**Exercise**
Write out, word for word, every line from the one where "Les essais de" occurs to the final line of the entries, and nothing beyond them.

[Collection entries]

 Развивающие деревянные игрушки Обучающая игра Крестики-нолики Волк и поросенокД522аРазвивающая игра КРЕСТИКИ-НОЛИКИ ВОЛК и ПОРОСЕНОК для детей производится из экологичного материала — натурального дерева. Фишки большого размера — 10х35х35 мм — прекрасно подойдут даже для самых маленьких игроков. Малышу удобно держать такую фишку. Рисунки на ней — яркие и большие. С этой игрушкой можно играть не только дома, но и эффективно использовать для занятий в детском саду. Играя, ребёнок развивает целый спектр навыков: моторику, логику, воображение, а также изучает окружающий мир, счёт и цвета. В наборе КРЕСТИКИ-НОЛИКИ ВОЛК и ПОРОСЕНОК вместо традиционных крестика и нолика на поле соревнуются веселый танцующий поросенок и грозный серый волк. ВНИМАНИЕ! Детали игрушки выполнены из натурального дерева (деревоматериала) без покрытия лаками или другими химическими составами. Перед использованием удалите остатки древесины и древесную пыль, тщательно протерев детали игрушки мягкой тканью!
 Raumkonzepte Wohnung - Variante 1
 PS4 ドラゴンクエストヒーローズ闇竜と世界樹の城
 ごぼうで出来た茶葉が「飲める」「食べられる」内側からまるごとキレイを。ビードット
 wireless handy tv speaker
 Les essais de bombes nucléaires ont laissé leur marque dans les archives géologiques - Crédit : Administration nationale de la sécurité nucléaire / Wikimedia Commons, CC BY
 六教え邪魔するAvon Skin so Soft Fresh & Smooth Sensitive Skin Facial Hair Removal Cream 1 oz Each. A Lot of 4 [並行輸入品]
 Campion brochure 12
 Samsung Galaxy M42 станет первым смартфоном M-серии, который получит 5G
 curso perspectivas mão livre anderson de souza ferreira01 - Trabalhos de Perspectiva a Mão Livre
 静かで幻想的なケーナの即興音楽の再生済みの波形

**Exercise answer**
 Les essais de bombes nucléaires ont laissé leur marque dans les archives géologiques - Crédit : Administration nationale de la sécurité nucléaire / Wikimedia Commons, CC BY
 六教え邪魔するAvon Skin so Soft Fresh & Smooth Sensitive Skin Facial Hair Removal Cream 1 oz Each. A Lot of 4 [並行輸入品]
 Campion brochure 12
 Samsung Galaxy M42 станет первым смартфоном M-серии, который получит 5G
 curso perspectivas mão livre anderson de souza ferreira01 - Trabalhos de Perspectiva a Mão Livre
 静かで幻想的なケーナの即興音楽の再生済みの波形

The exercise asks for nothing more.